I am running a loop that migrates [YOUR_PROJECT] from [OLD APPROACH] to [NEW APPROACH]. Write the /goal stop condition for this migration. The condition should be: all files using the old pattern have been updated, the old pattern no longer appears anywhere in the codebase (verifiable by a grep that exits 0 when no matches are found), and the full test suite still passes. Write the /goal command and the verification sequence.

Write Stop Conditions

Design a tiered stop condition

Write a tiered /goal for [YOUR_PROJECT] with three levels of done: Level 1 (MVP): [CONDITION 1]; Level 2 (complete): [CONDITION 2]; Level 3 (polished): [CONDITION 3]. The loop should aim for Level 1 first, commit and tag it, then continue to Level 2, and so on. Write the full /goal prompt that implements this tiered approach with a commit at each level.

Write Stop Conditions

Frequently asked questions

What is a /goal command in Claude Code?+

A /goal command defines a terminal condition for the loop: the exact state the codebase must reach before the loop stops. The agent checks the condition programmatically after each iteration, typically by running a shell command that exits 0 when the condition is met.

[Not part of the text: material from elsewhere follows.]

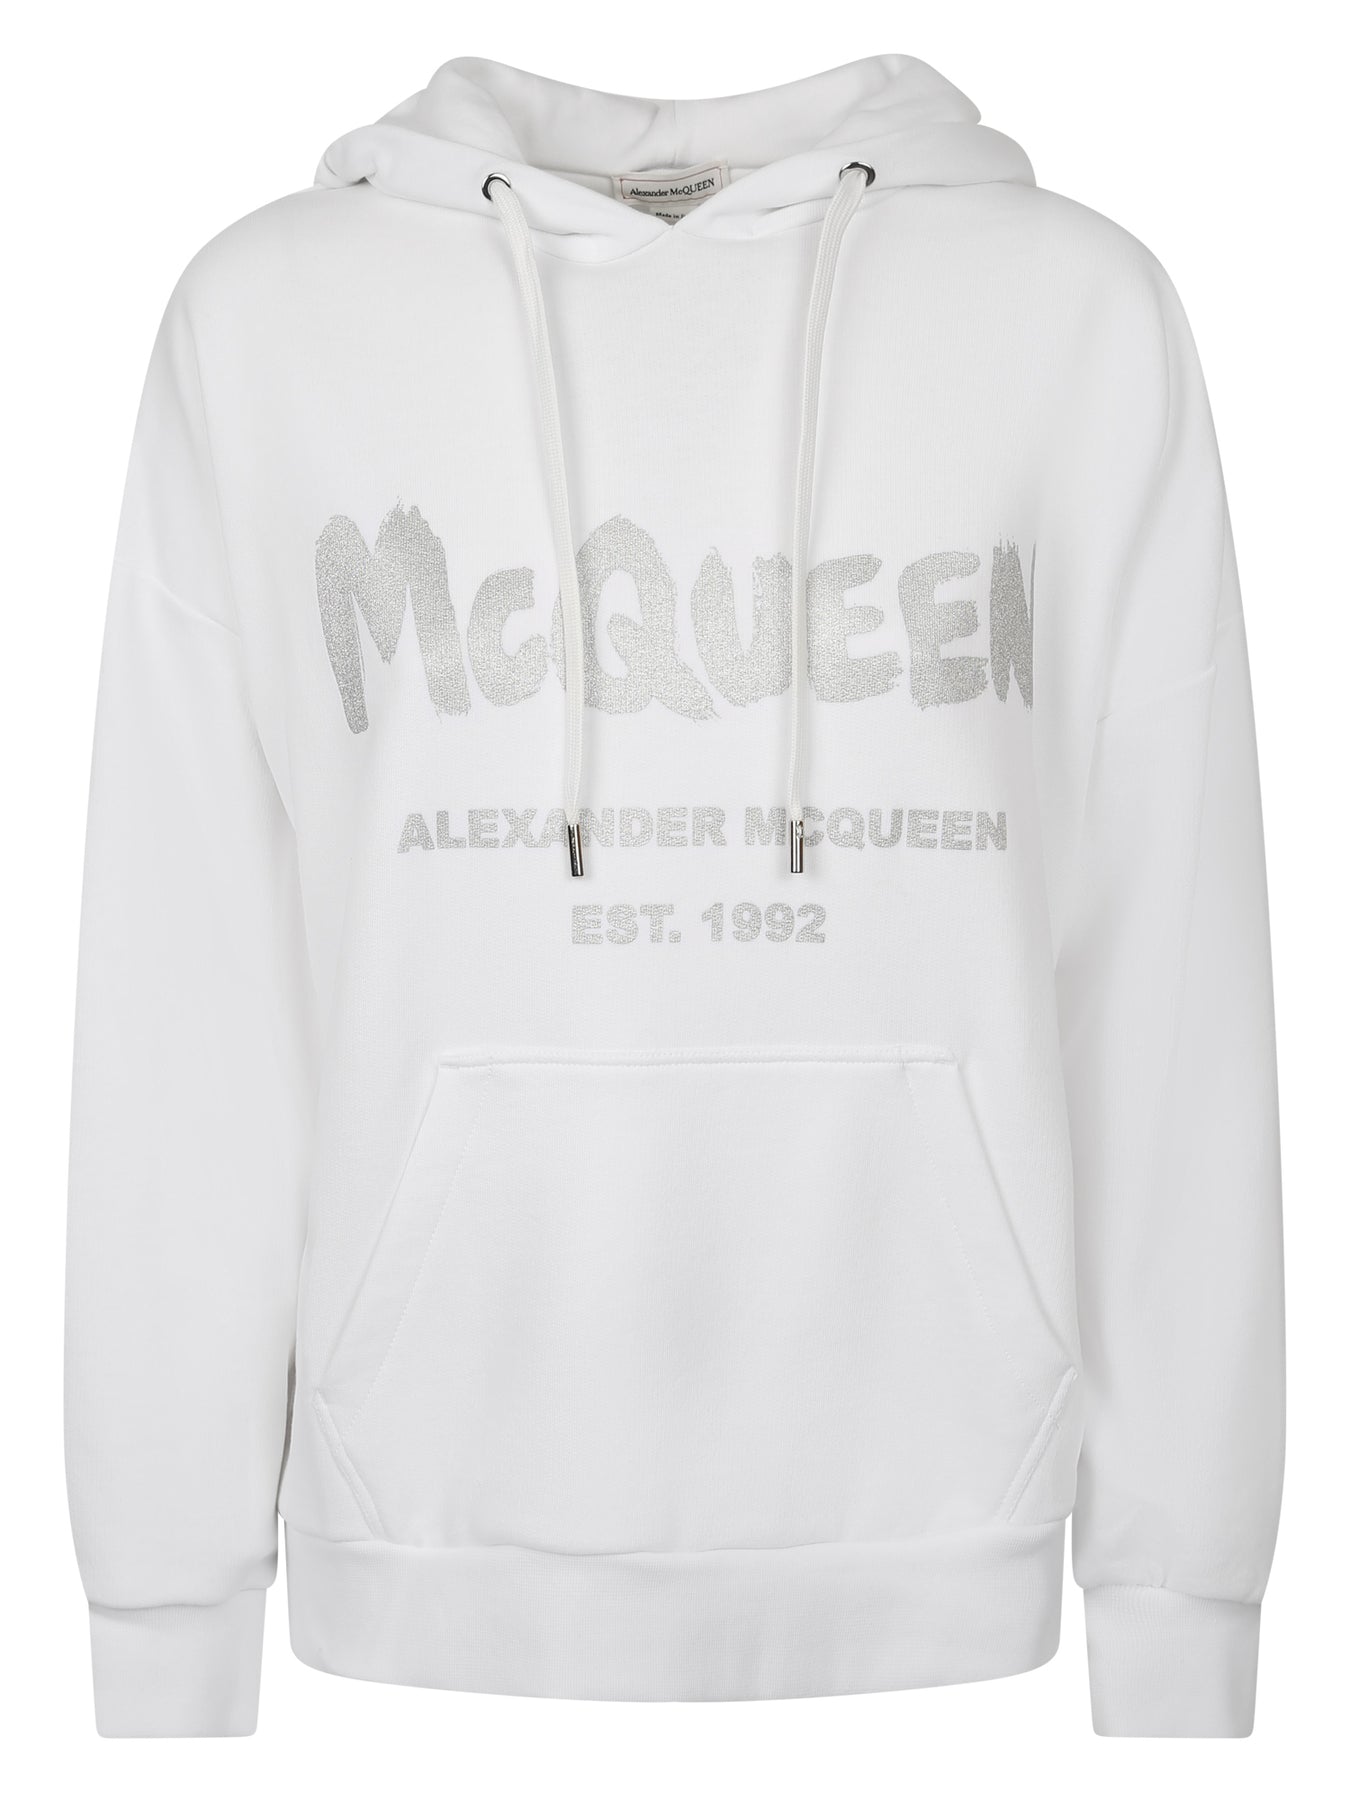 Alexander McQueen | ALEXANDER MCQUEEN 女士白色棉质连帽卫衣 674882-QZAD5-0934商品图片,

Unlike a prompt that says "fix the tests," a /goal command with "all tests pass and coverage is above 80%" gives the agent a concrete, measurable finish line.

What makes a good stop condition for an agent loop?+

A good stop condition is programmatically checkable with a single command that returns pass or fail. "All TypeScript errors are resolved" is a good condition because tsc exits 0 when it is true. "The code looks clean" is not a good condition because there is no command to verify it. The best conditions combine multiple verifiable checks: tests pass, errors are zero, and a specific file or endpoint exists.

How do I verify that an agent loop did not break anything?+

Run your full test suite as the last step of every iteration, before marking a task done or committing. The verification agent in Stage 2 of this guide is specifically designed for this: it checks tests in the affected module, confirms no new lint errors were introduced, and verifies the change stayed within its stated scope. If any check fails, it writes a failure report rather than marking the task complete.

What happens if the loop never reaches its stop condition?+

Set a maximum iteration count in every /goal command. After that limit, the loop should stop, update the state file with a timeout note, and optionally alert you. A loop that runs indefinitely without verifying progress is a loop burning compute on a stuck problem. The iteration limit is a safety valve, not an admission of failure. Review the failure log and adjust the stop condition or task scope before re-running.

Should I use the same AI model for implementation and verification?+

Using a different model for verification adds genuine independence. If the implementation model rationalized a flawed solution, the verification model is less likely to rationalize the same error. In practice, even using the same model with a completely different system prompt adds meaningful independence. The key is that the verifier receives only the output and the spec, never the reasoning the implementer used.